# United States & Canada Vacations Forums > The Carolinas and Georgia  Travel & Vacations Forum >  >  Savannah trip report 2016

## debd

A year ago last fall, we made an extended weekend trip, with our two dogs, to Savannah.  Stayed at the Hamilton Turner Inn, which we thought was fantastic, including having two separate entrance, dog-friendly rooms.   Lovely place.  Very nice rooms.  Fabulous breakfasts.  Fantastic service.  Lovely afternoon tea where you could meet your "neighbors."


This year we decided that rather than our end of February into early March SBH trip, we would push it up to January/February and plan a March trip to Savannah with the dogs.  We took the Airbnb route for the first time, and were able to find a satisfactory place where we could stay with the dogs.   The location, two blocks from Forsyth Park, was fabulous.


As North East folks, the culture here is very different for us, in a good way.  People here are so genuinely friendly.   It isn't often that a restaurant manager engages in a conversation where he is reporting that he was "talking on the phone to his daddy and could hear that he was munching on his (the son's) cashews,"


Weather was perfect.  We were able to get to to the beach at Tybee island 5 of the days we were here.


It is such a walkable city, and each of the many, many, many parks is just beautiful, each with its own personality.  They do offer off/on tour buses, and we were especially interested to see a pedalSavannah tour bus this trip where each person pedals to make the bus go.  We later found out that the pedal bus pedals to four different bars.  The pedicabs are another option, with the only monies exchanged being the tips.  Of course, there is always Uber.

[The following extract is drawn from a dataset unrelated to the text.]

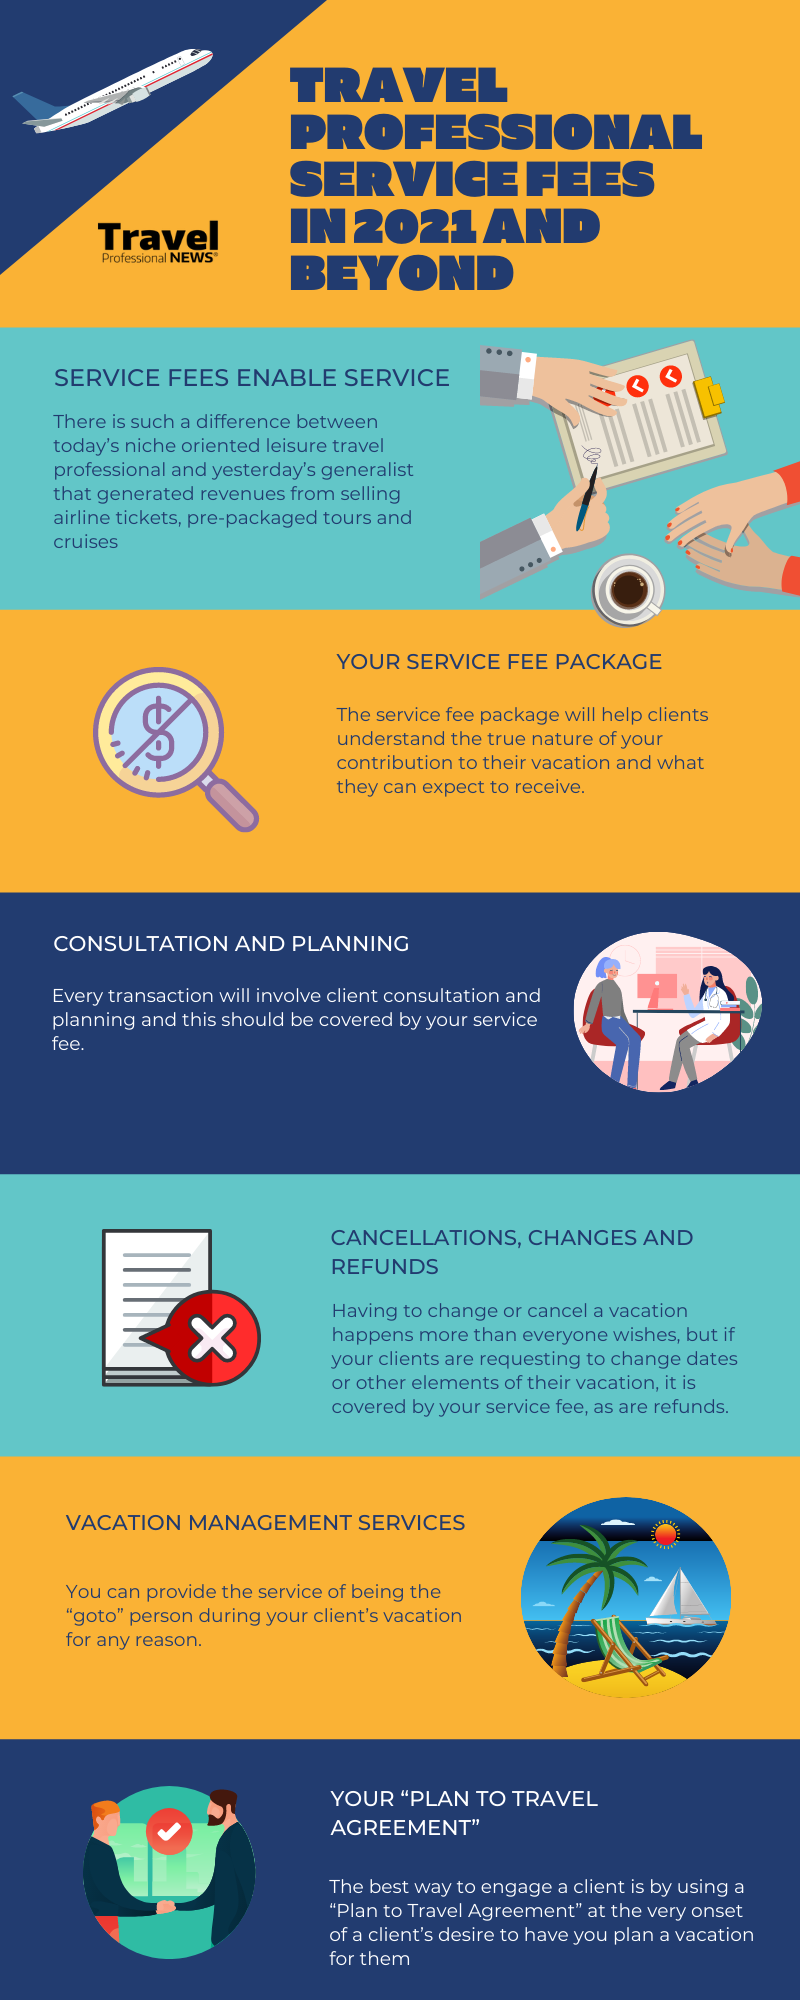 Travel Professional Service Fees in 2021 and Beyond (Infographic)

Pretty easy to get a food hangover here.  The choices are abundant.   We continue to love Alligator Soul, and very much enjoyed Local 11 Ten this trip.   Today we came upon the Crystal Beer Parlor, a place where we could easily become regulars, were we to live here.


SCAD (Savannah College of Design) has quite a presence here.   The works that the students produce are quite remarkable.  Even a visit to their bookstore is a unique experience, from a design perspective.  


A nice place to visit, especially in the fall or early Spring.

----------


## amyb

Thanks for high lighting a new destination for the forum, Deb. Sounds like a great spot to visit, IMHO.

----------


## cec1

My wife and I also share your enjoyment of Savannah, Deb.  It's no more than a 90 minute drive for us, so we've gone several times since moving to Northern Florida.  The people of Savannah are gracious, as Southern lore leads one to expect, and we've found several wonderful restaurants.  Walking in the historic area -- admiring the classic architecture -- is icing on the cake!

----------


## LindaP

Knowing what you mean by Northeast folks! .....our daughter went to SCAD , and we loved to see the talent that came out of that school. In fact, the year our daughter graduated ' Diane Von Furstenburg was the graduation speaker at commencement , and she was excellent .
Very cool city, and loved Tybee island. Glad you guys had fun.

----------


## noel

Great report!
We are headed to Charleston and Savannah next week.

----------


## debd

> Great report!
> We are headed to Charleston and Savannah next week.



Joel and Noel, enjoy!

We stopped in Charleston on the way down.  Have a great trip!

----------


## debd

> Knowing what you mean by Northeast folks! .....our daughter went to SCAD , and we loved to see the talent that came out of that school. In fact, the year our daughter graduated ' Diane Von Furstenburg was the graduation speaker at commencement , and she was excellent .
> Very cool city, and loved Tybee island. Glad you guys had fun.



Oh, what fun!

----------


## debd

> My wife and I also share your enjoyment of Savannah, Deb.  It's no more than a 90 minute drive for us, so we've gone several times since moving to Northern Florida.  The people of Savannah are gracious, as Southern lore leads one to expect, and we've found several wonderful restaurants.  Walking in the historic area -- admiring the classic architecture -- is icing on the cake!



Ah, yes, the architecture.  Didn't realize you were in Northern Florida.  Thought you were in CA.

----------


## debd

> Thanks for high lighting a new destination for the forum, Deb. Sounds like a great spot to visit, IMHO.



Amy, I think and Phil would enjoy it.

----------


## dadto6

Love Savannah.  My son graduated from SCAD as well.  He is very artsy fartsy and landed a great job!  Glad you had fun.  Try St. Patrick Day celebration, it is an experience not to be forgotten.

----------


## debd

> Love Savannah.  My son graduated from SCAD as well.  He is very artsy fartsy and landed a great job!  Glad you had fun.  Try St. Patrick Day celebration, it is an experience not to be forgotten.



We did get to see the greening of the fountain at Forsyth, but have left before the big day in two.  I had heard it is quite something.

Awesome about your son landing a great job.   I was truly impressed by the caliber and (beyond) talent from SCAD.

----------